WORK ORDER: Give every entry below again, exactly as written, and skip the images.

* * *

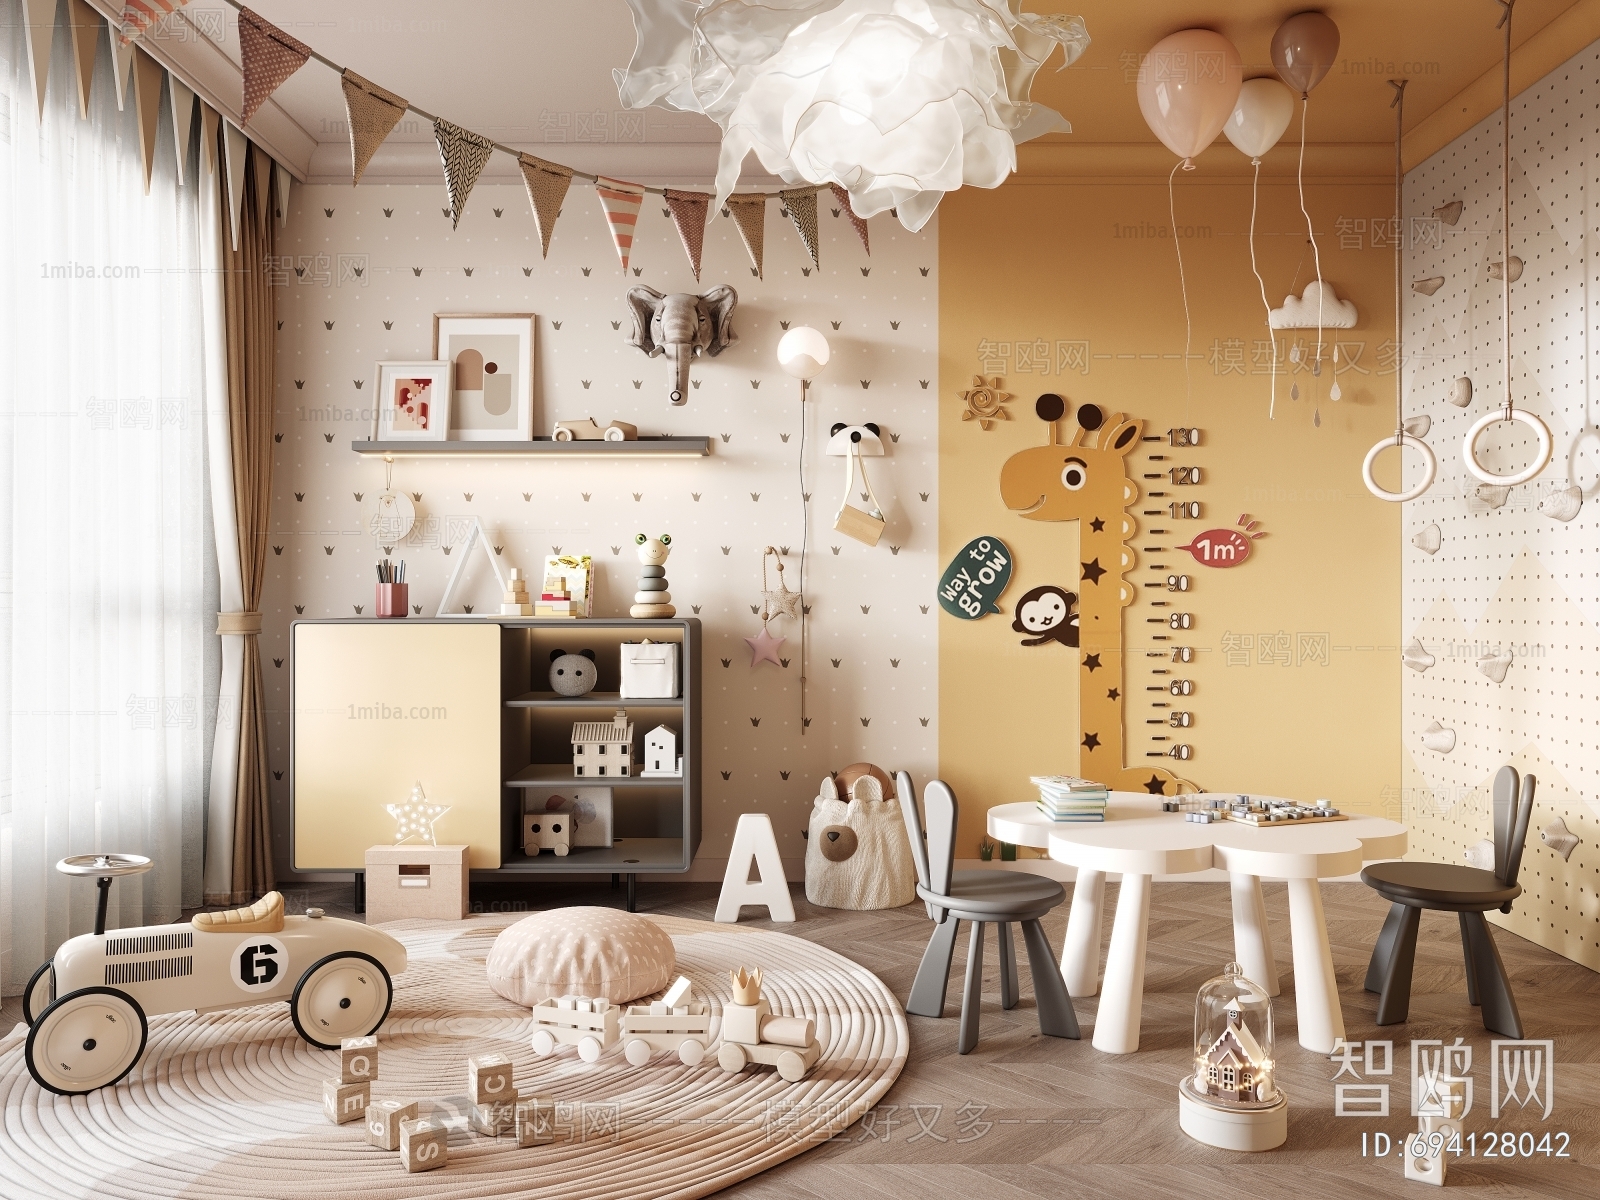 Nordic Style Children's Room
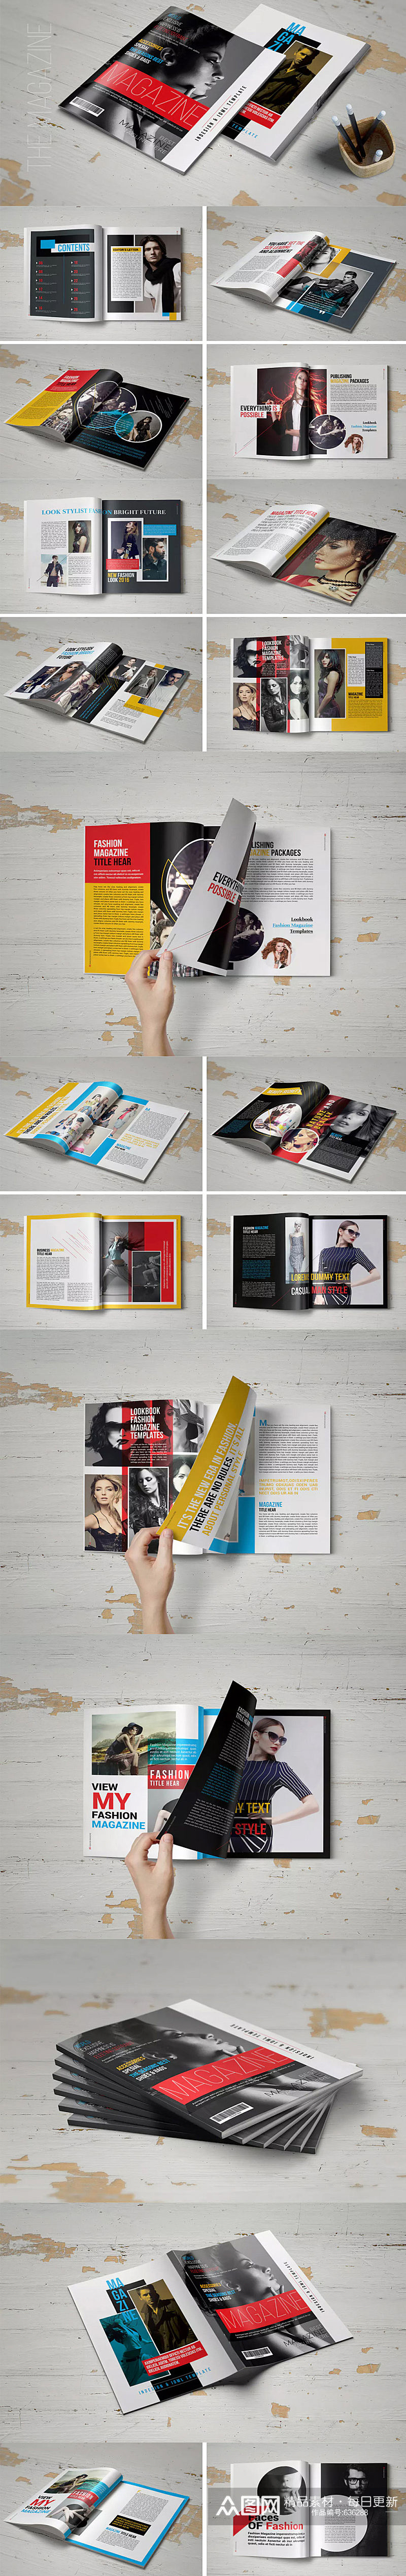 红黑大气企业画册人物画册设计 书籍目录设计素材
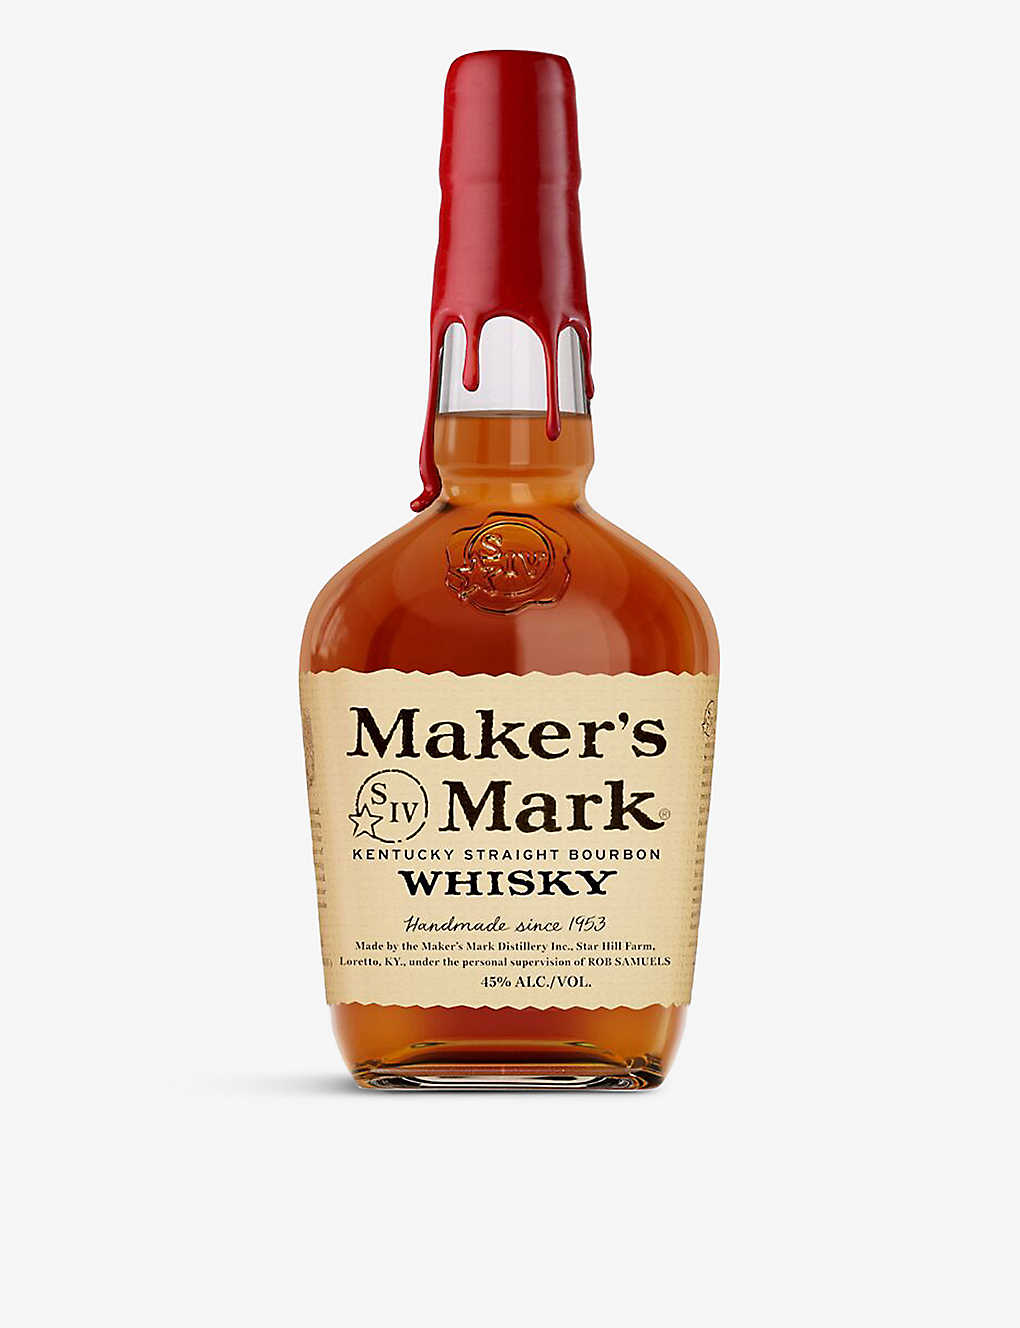 Maker's Mark Kentucky straight bourbon whisky 700ml
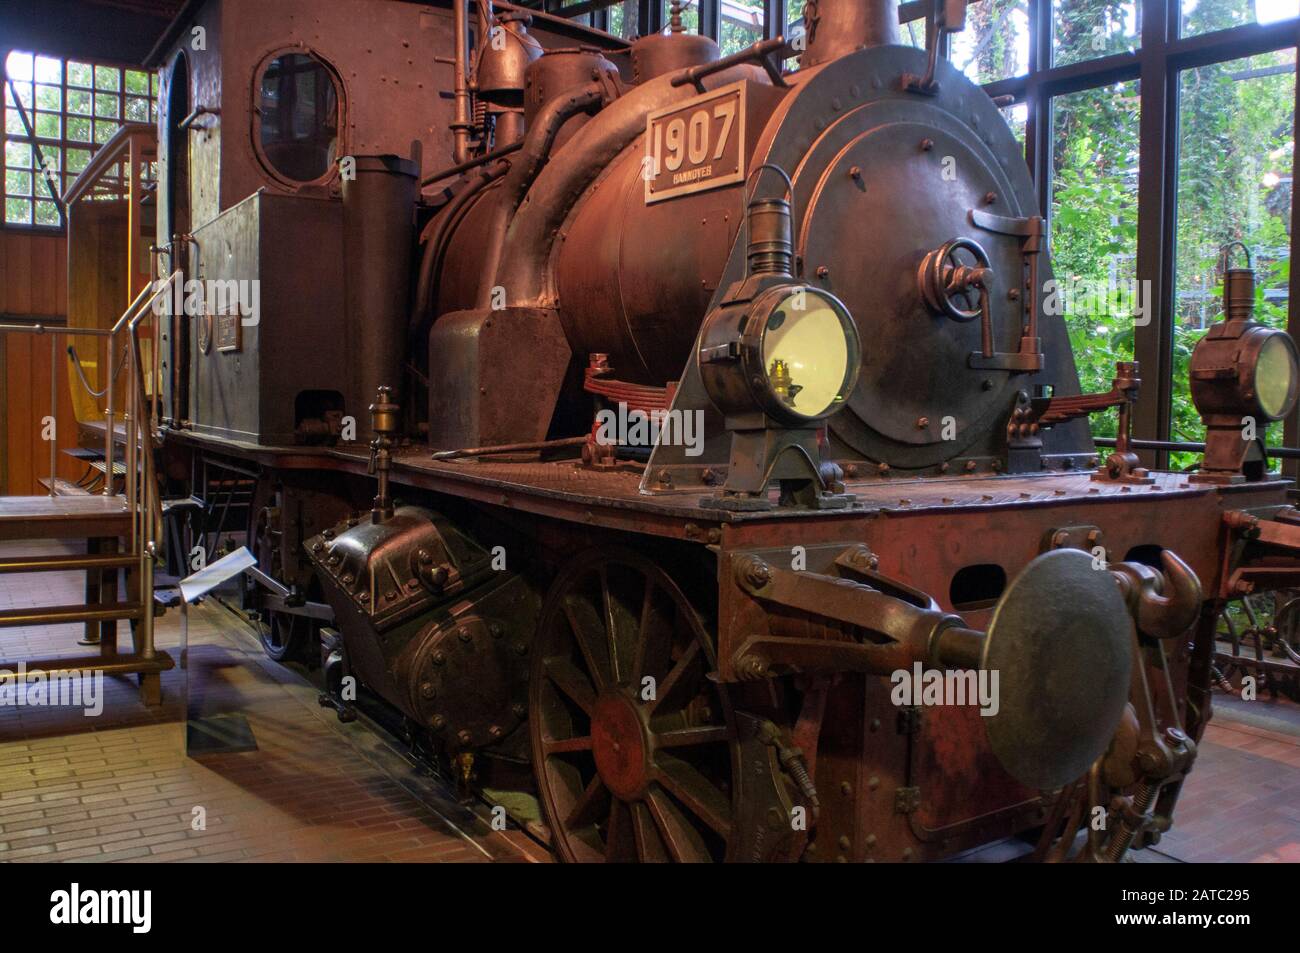 Lovcomotive vapeur exposée au Deutsches Technikmuseum, Musée allemand de la technologie, à Berlin, Allemagne Banque D'Images
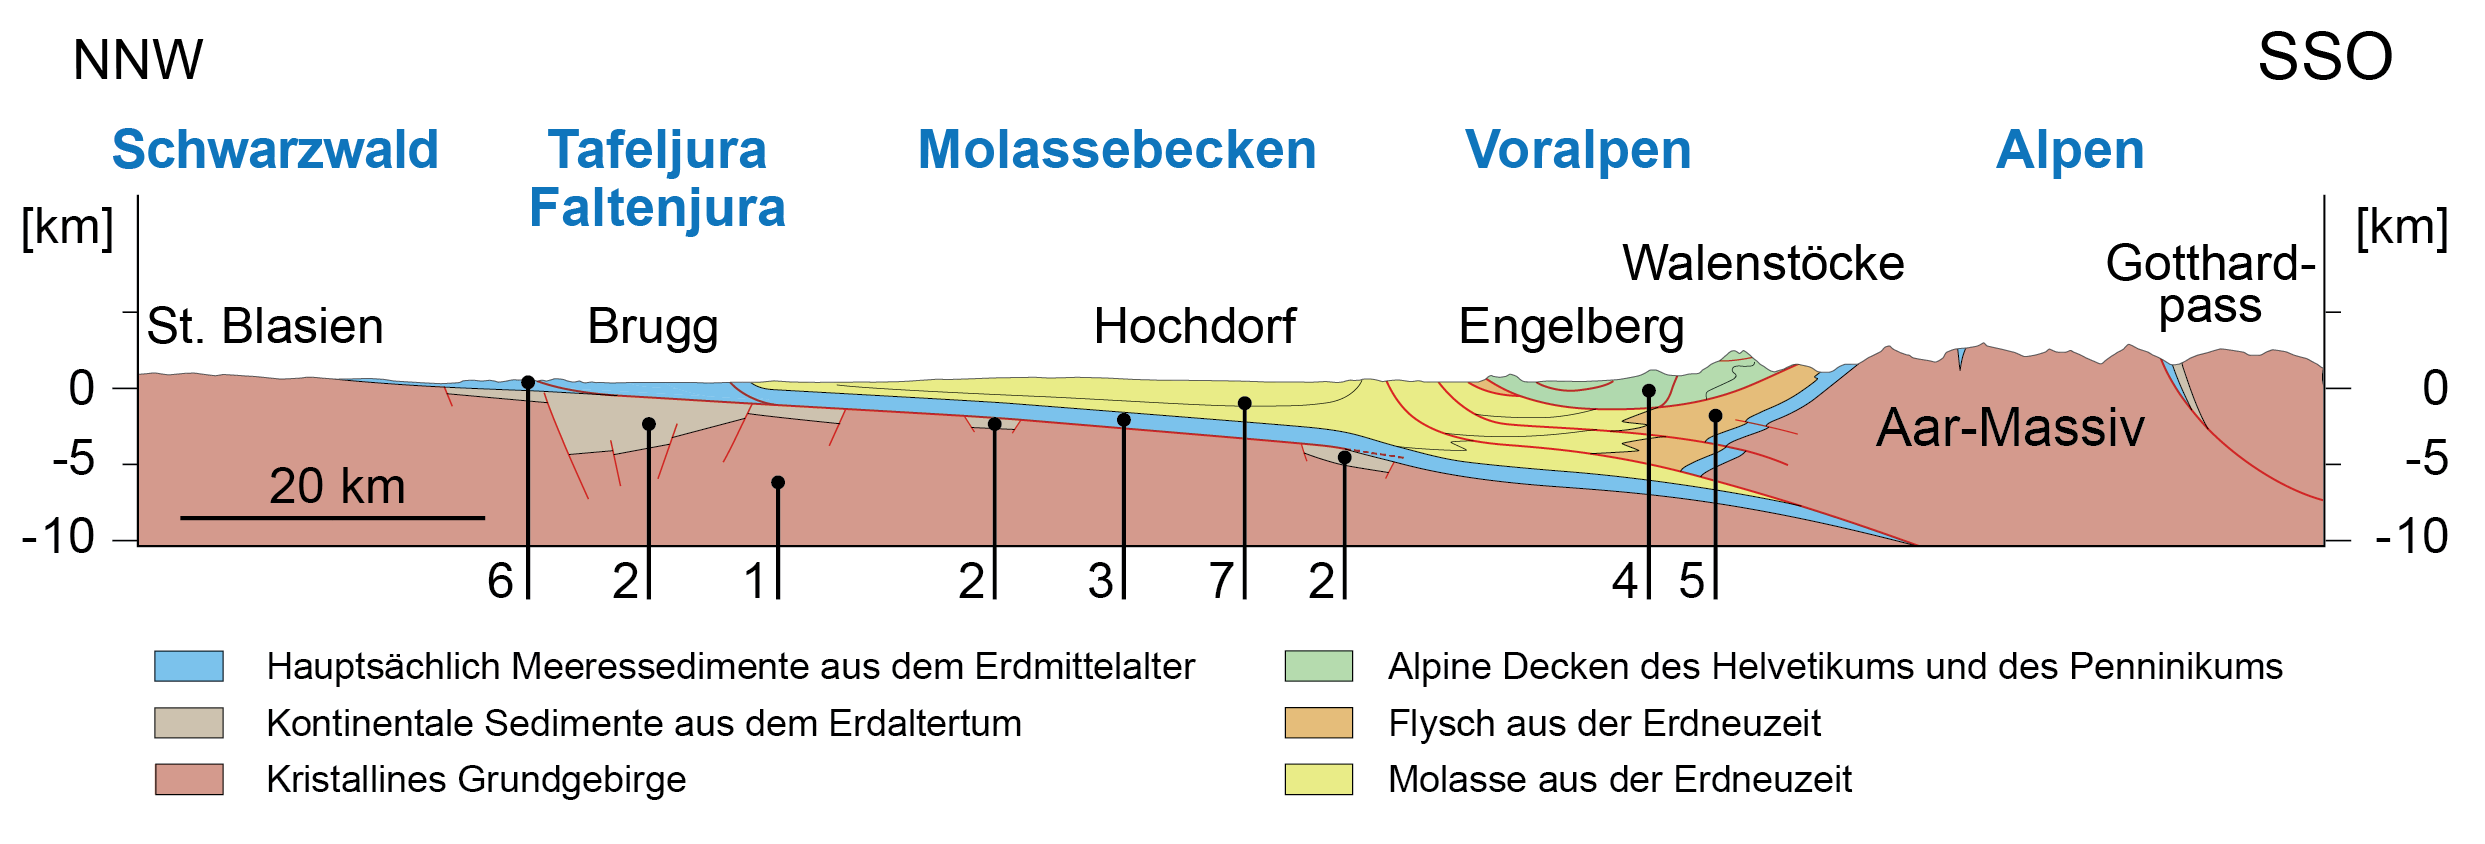 Geologisches Profil der Schweiz von Nordnordwesten nach Südsüdosten (Nummern siehe Text). Abbildung: Nagra NTB 14-02, Dossier III (stark vereinfacht).
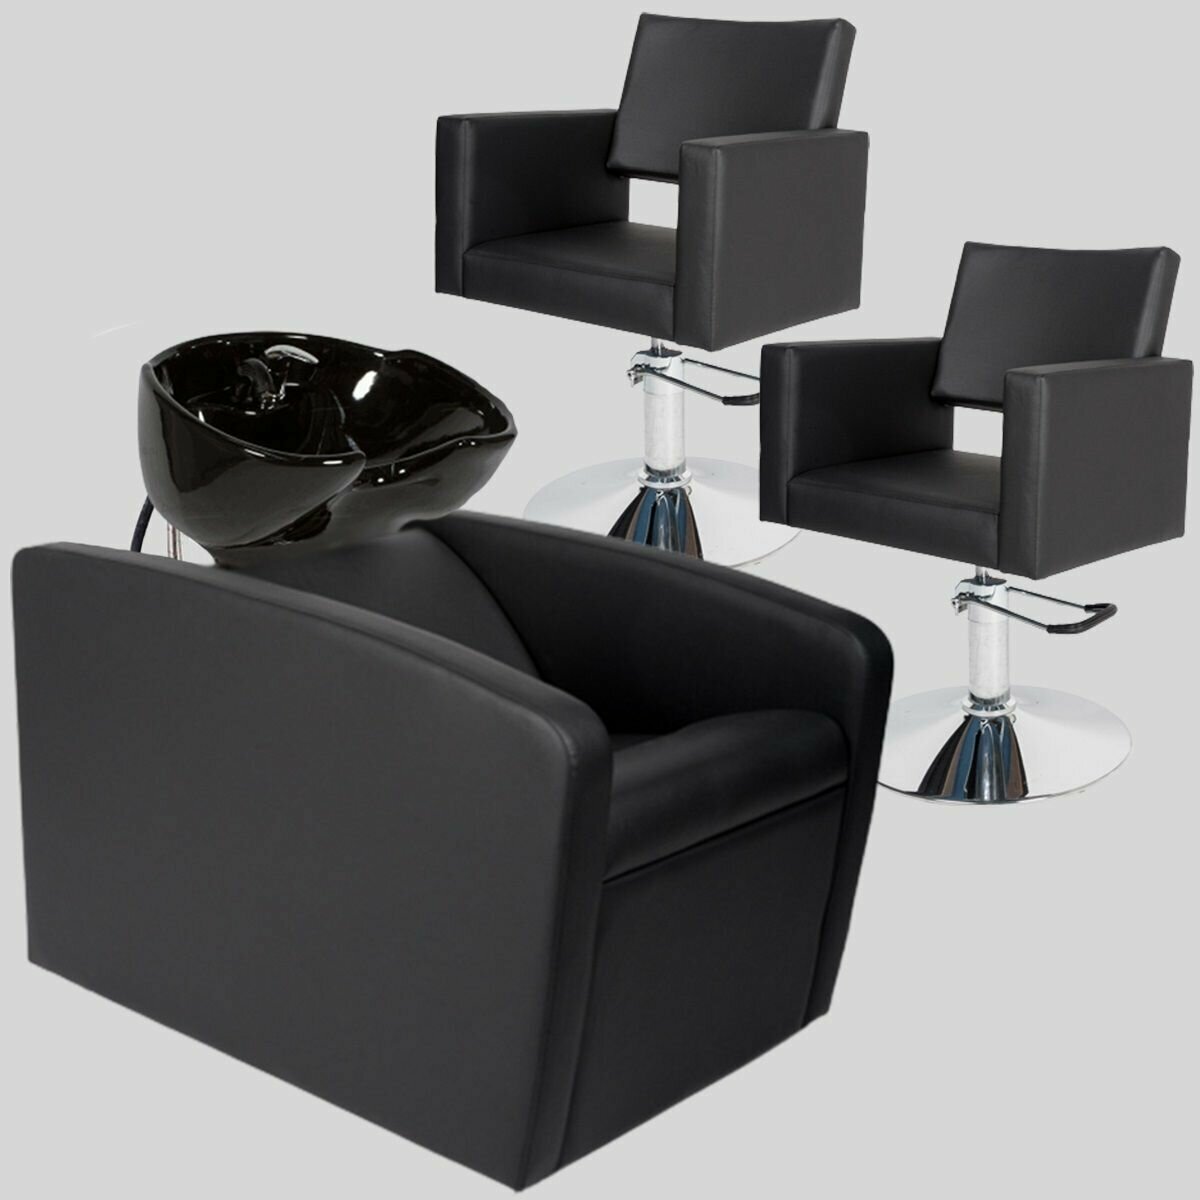 Парикмахерский комплект "Перфект ЭКО", Черный, 2 кресла гидравлика диск, 1 мойка раковина черная глубокая

* * *

SOLUTION TO THIS PROBLEM:
 Nordic Style Children's Room
 红黑大气企业画册人物画册设计 书籍目录设计素材
 Maker's Mark Kentucky straight bourbon whisky 700ml
 Lovcomotive vapeur exposée au Deutsches Technikmuseum, Musée allemand de la technologie, à Berlin, Allemagne Banque D'Images
 Geologisches Profil der Schweiz von Nordnordwesten nach Südsüdosten (Nummern siehe Text). Abbildung: Nagra NTB 14-02, Dossier III (stark vereinfacht).
 Парикмахерский комплект "Перфект ЭКО", Черный, 2 кресла гидравлика диск, 1 мойка раковина черная глубокая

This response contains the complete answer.